Not really sure what your eventual goal is with the pup. 
Nipping someone on the butt is not a good thing when one has a business. That can be a liability

So what do you actualy want the dog to do as an adult?


----------



## LisaValencia

ladylaw203 said:


> Not really sure what your eventual goal is with the pup.
> Nipping someone on the butt is not a good thing when one has a business. That can be a liability
> 
> So what do you actualy want the dog to do as an adult?


It is the adult dog that nips. She is almost 2 years old. Sativa belonged to my daughter and was here when I took over the guest hostel for my daughter. She's had a pretty good life of which I have always been a part. My daughter loves her dearly but my daughter has left the country several times and left the dog with me. Also the dog may have been hit by people living in close proximity of my daughter and the dog. So I think she has some fear and nervousness from this. I know the nipping is not good! I try to get out to the front yard before anyone walks in to prevent problems. Sativa seems a bit more calm now that Santo (the puppy) is with her. I am hoping that as the puppy grows, his presence will comfort Sativa and make her feel more secure.

As for the puppy (Santo), he will be a companion to me; he will alert me of intruders and scare them off with his barking. (People here are scared of German Shepherds, so the bad guys will hear the dogs and quickly look for another house to rob.) And I hope that if I ever need personal protection, Santo will jump to the job.


----------



## ladylaw203

Socialize your pup. very important. Do you have a professional dog trainer there that might help you? What I would suggest is ultimately put what is called the "watch" command on the dog. This command is basically a bark. That way if you are in your business and someone walks in that makes you uncomfortable, hook the dog up and give the command. Someone with something on his mind other than being a customer will probably exit. Will also help you at home.


----------



## LisaValencia

ladylaw203 said:


> Socialize your pup. very important. Do you have a professional dog trainer there that might help you? What I would suggest is ultimately put what is called the "watch" command on the dog. This command is basically a bark. That way if you are in your business and someone walks in that makes you uncomfortable, hook the dog up and give the command. Someone with something on his mind other than being a customer will probably exit. Will also help you at home.

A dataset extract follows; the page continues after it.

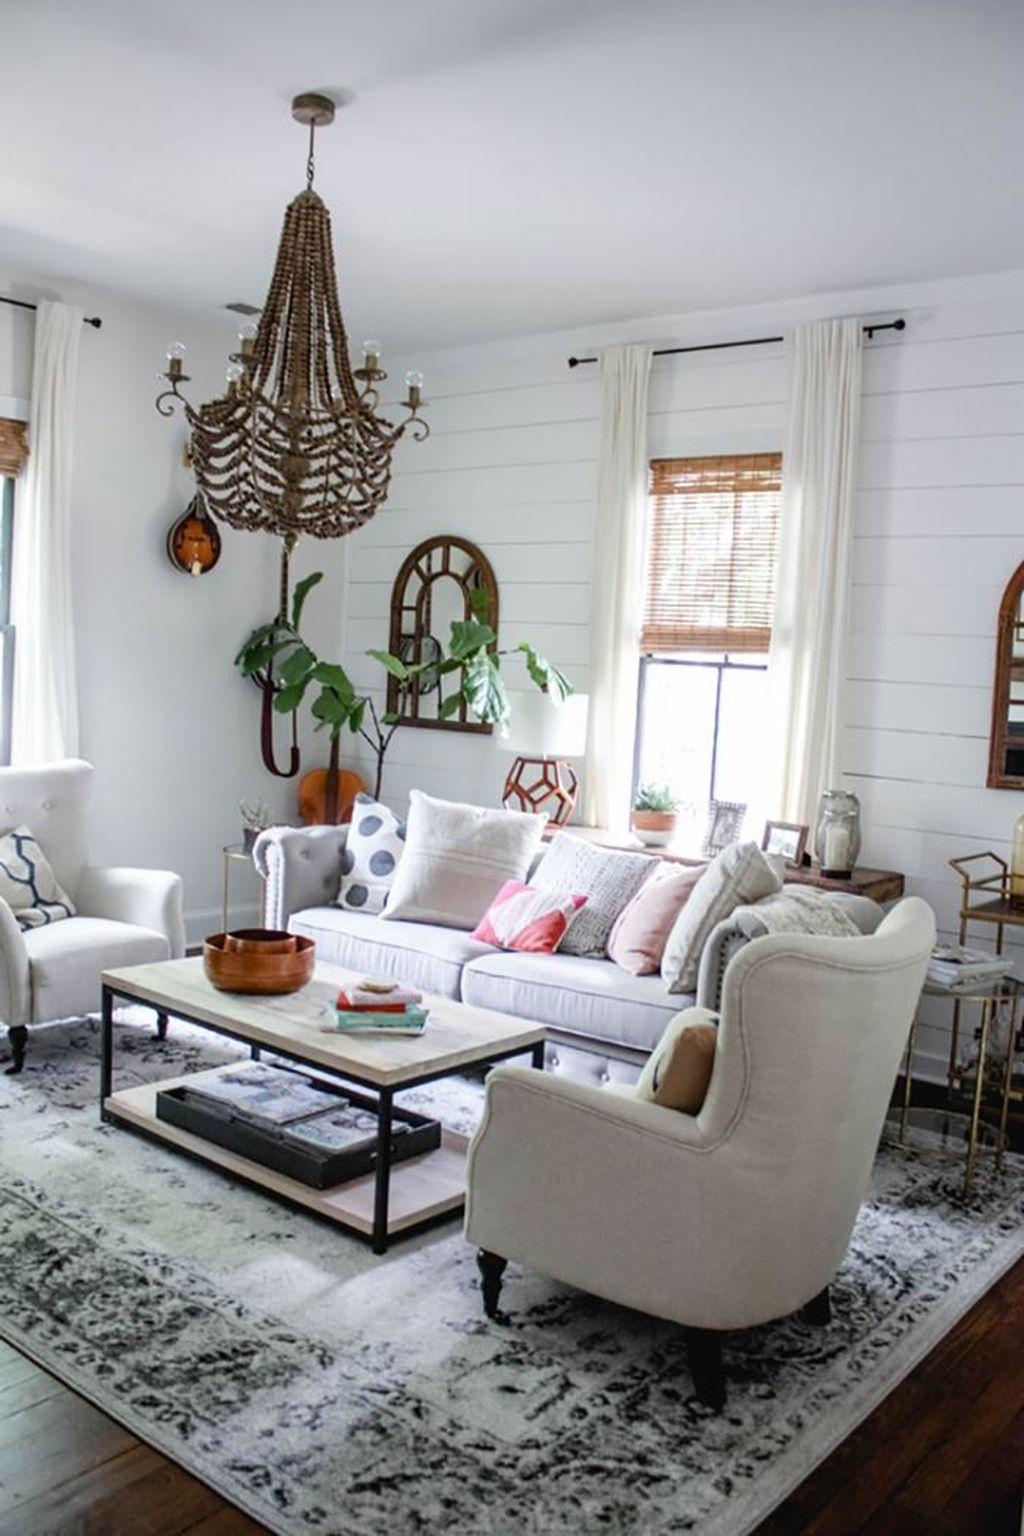 Amazing Bohemian Farmhouse Living Room Design Ideas 25

Thank you. I will have to google that "watch" command and find out more about it. It sounds just like what I was looking for. 

There is an ex military guy who lives in the area - a professional on dog training for the military. I met him once. He is adamant about dog training. I am thinking of going to talk to him. However I have been told by others that if anyone goes in his yard and his wife or he is not there, his dogs will literally eat them alive! It is that comment that made me concerned about the kind training I use. As I said, I don't want an attack dog. 

But that watch / bark concept is intriguing. I am anxious to look into it.


----------



## chicagojosh

hotel in costa rica huh? I'll glady rent out Cody and stay for a couple weeks


----------



## LisaValencia

chicagojosh said:


> hotel in costa rica huh? I'll glady rent out Cody and stay for a couple weeks


Come on down - it's only $15.00 a night! Costa Rica Hostel - Cheap, Comfortable and Close to the Beach | Travel Experience Costa Rica


----------



## chicagojosh

LisaValencia said:


> Come on down - it's only $15.00 a night! Costa Rica Hostel - Cheap, Comfortable and Close to the Beach | Travel Experience Costa Rica


Your place looks awesome! I saved the link! i do have a honeymoon to plan soon


----------



## LisaValencia

chicagojosh said:


> Your place looks awesome! I saved the link! i do have a honeymoon to plan soon


Thanks! I'll look forward to hearing from you.


----------



## Catu

I have a friend in Panama who is an excellent dog trainer and breeder (and person), so if you know no one near you, I'd bet he does.

Adiestramiento Canino Panama - servicanpanama.com - Inicio


----------



## Ace952

This wasn't mentioned (unless I missed it) but why get a pup? Why not get a older trained dog? That way you not hoping, guessing and waiting as to how your pup will develop and be? You can get a older trained dog that can do the job as soon as you get him/her. You can have a proven and trained product instead of waiting on a puppy to develop who may not have it in him/her.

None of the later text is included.